The Category Error of Agent Safety
Practitioners currently attempt to secure AI agents by importing the 'chatbot-era' recipe: training models to refuse unsafe inputs. The authors argue this is a fundamental category error. Content safety focuses on the model's output, which is a learnable function of the input. Agentic harm, however, is relational; it occurs when an agent exercises authority that exceeds the user's granted permissions. Because this authority context is often absent from the model's input, training a model to 'refuse' is ineffective and degrades performance.
Why Refusal Training Fails
The authors provide three lines of evidence demonstrating that defense-trained models are ill-suited for agentic tasks:
- Surface Patterns vs. Intent: Models trained for defense learn to recognize surface-level patterns rather than understanding the underlying intent, leading to brittle security.

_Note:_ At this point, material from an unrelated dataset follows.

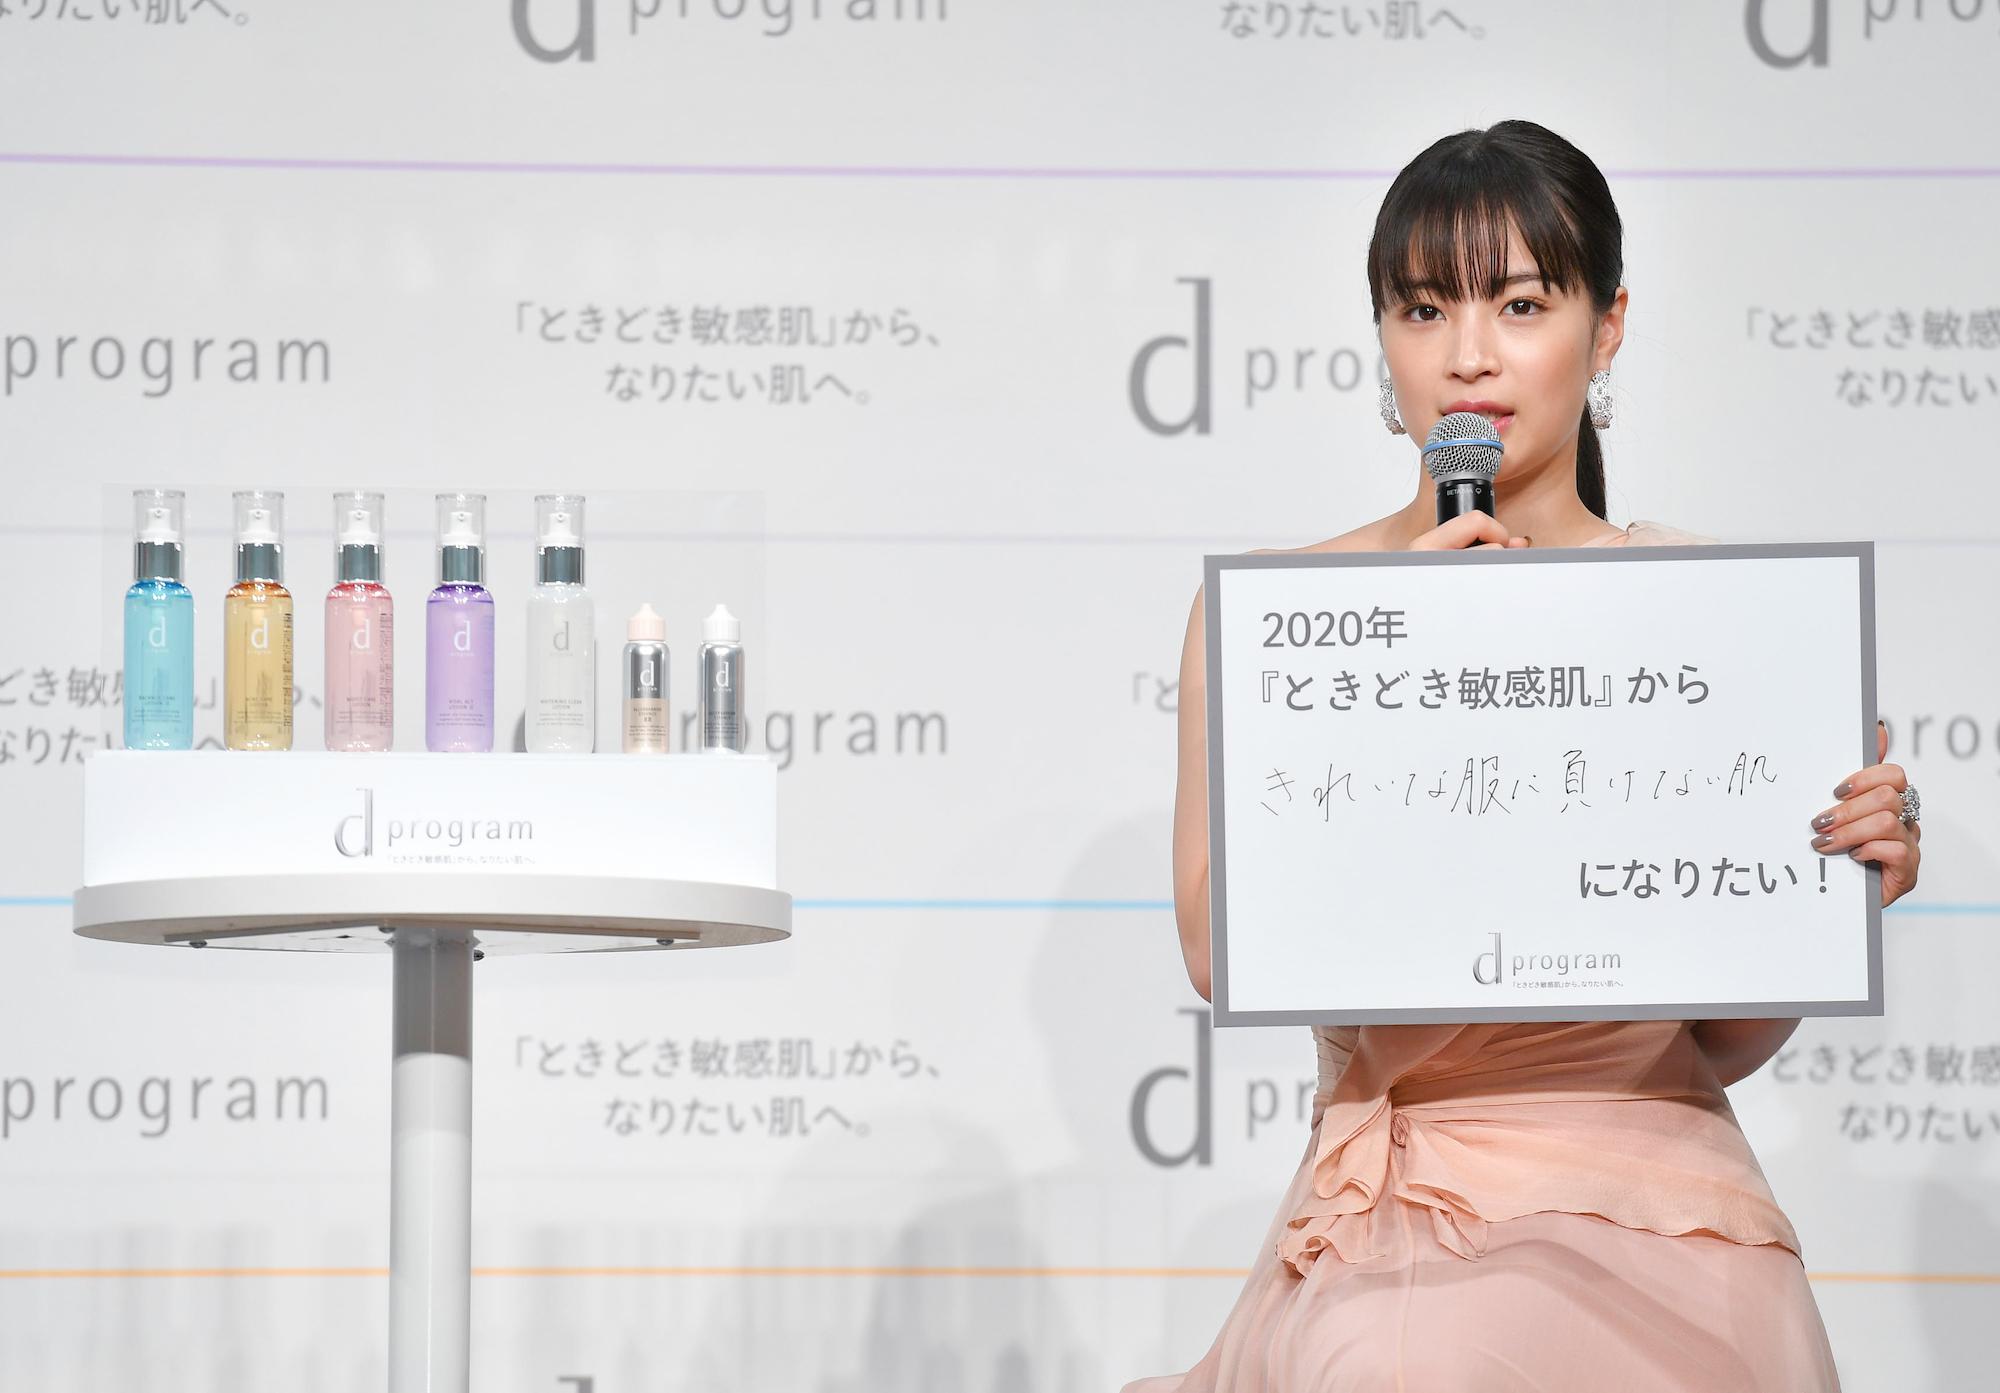 広瀬すず/資生堂『dプログラム 新ミューズ』就任発表会(2020年1月14日、表参道にて)
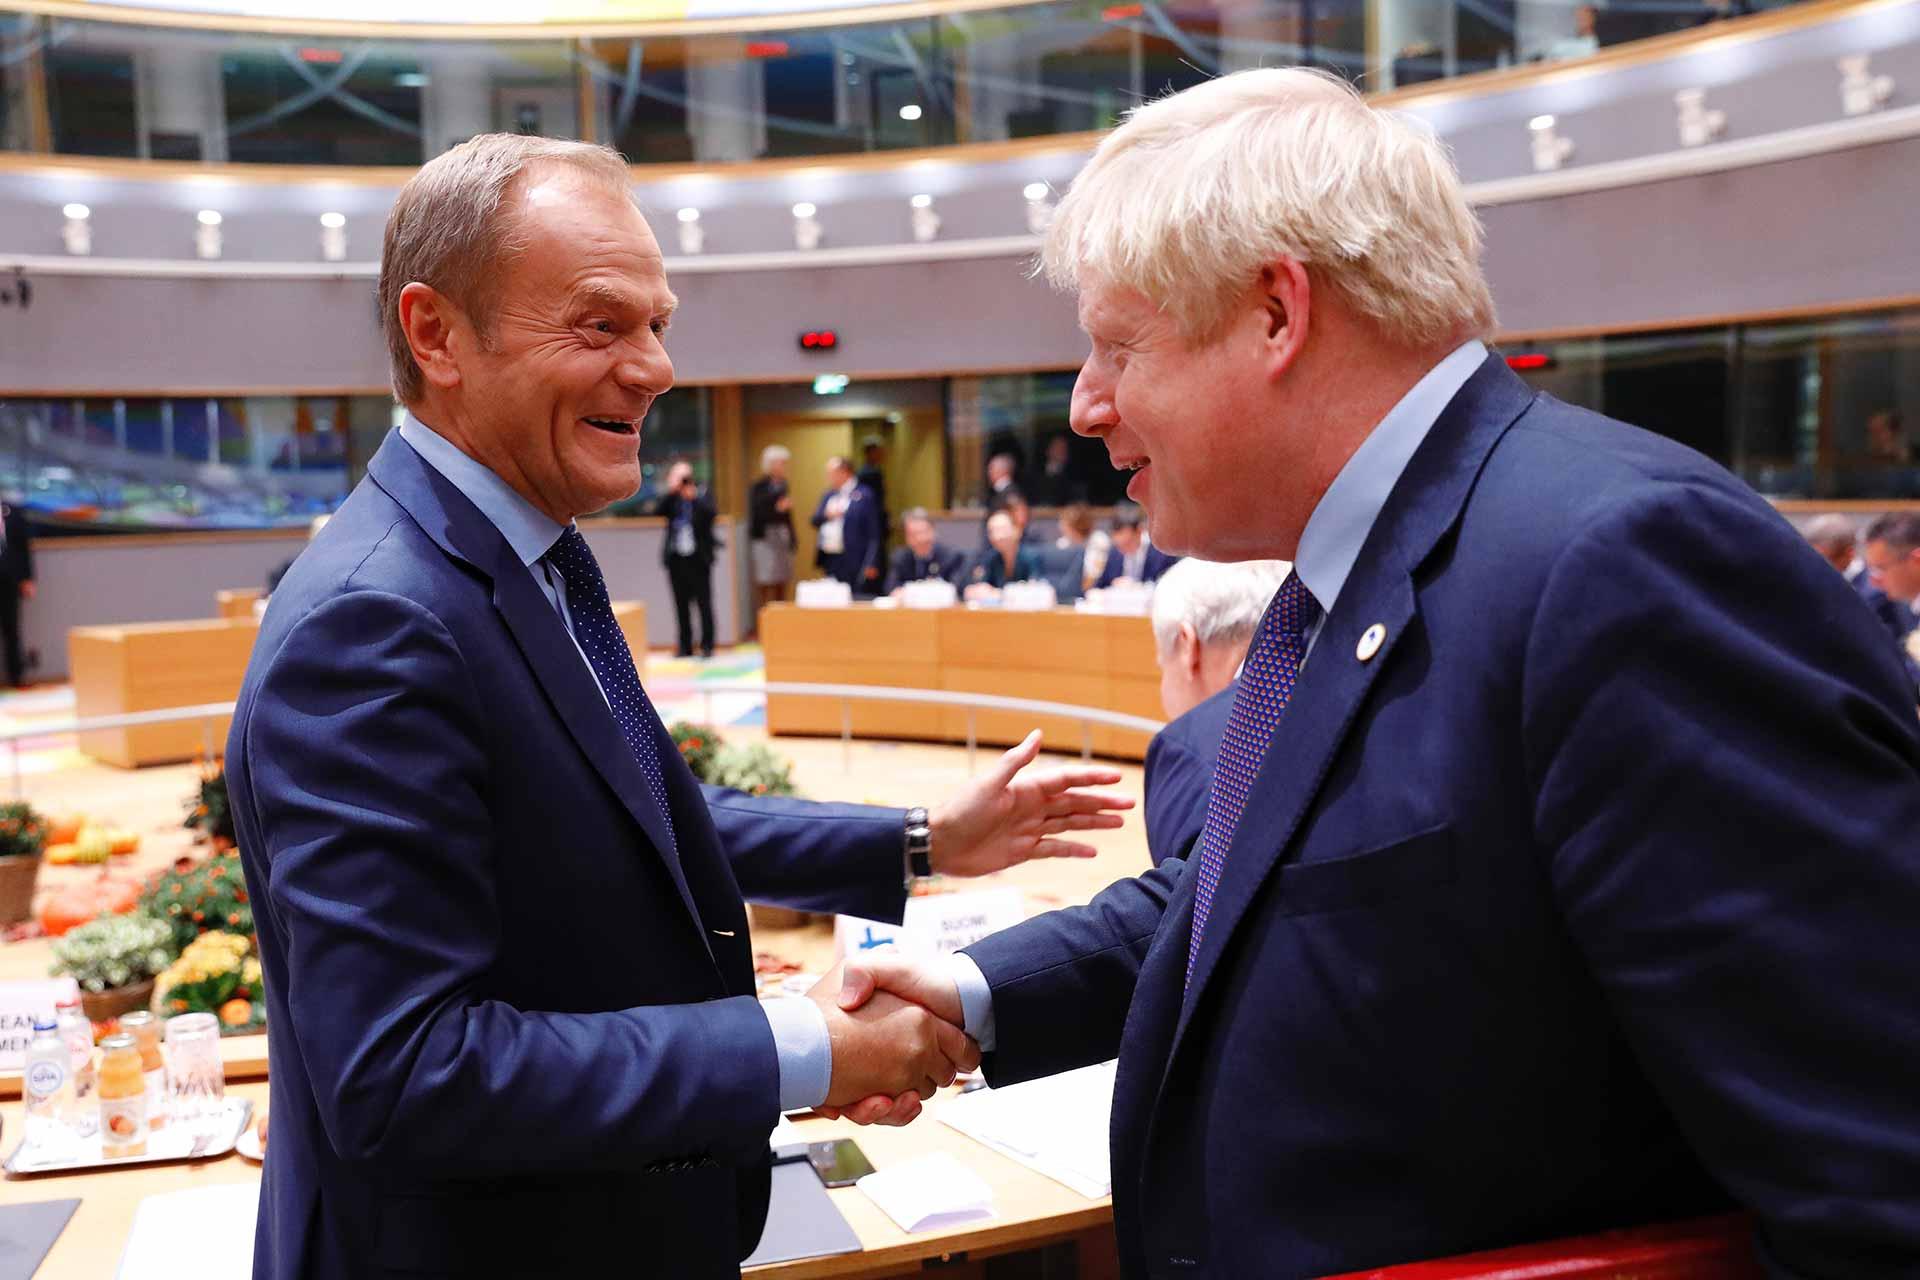 Boris Johnsin UK Prime Minister President Tusk

- Capability Collapse: The training process often degrades the model's ability to perform multi-step agentic tasks before it even addresses potential threats.
- Exploitability: Even with safety training, frontier models frequently exceed their granted authority during normal operation because the 'refusal' mechanism does not account for the actual boundaries of the tools they are using.
Moving to Action Alignment
Instead of attempting to install safety into model weights, the authors propose a shift toward Action Alignment. This approach treats safety as a property of the deployment environment rather than the model itself.
Key components include:
- Least Privilege: Security must be enforced outside the model at the action boundary. The agent should only have access to the specific tools and data required for its current task.
- Relational Evaluation: Safety should be evaluated based on the relationship between the action taken and the user's intent, rather than a simple 'refusal score' generated by the model.
- External Enforcement: By shifting the security burden to the infrastructure layer, developers can maintain model capability while ensuring that agents cannot perform unauthorized actions, regardless of the model's internal 'safety' training.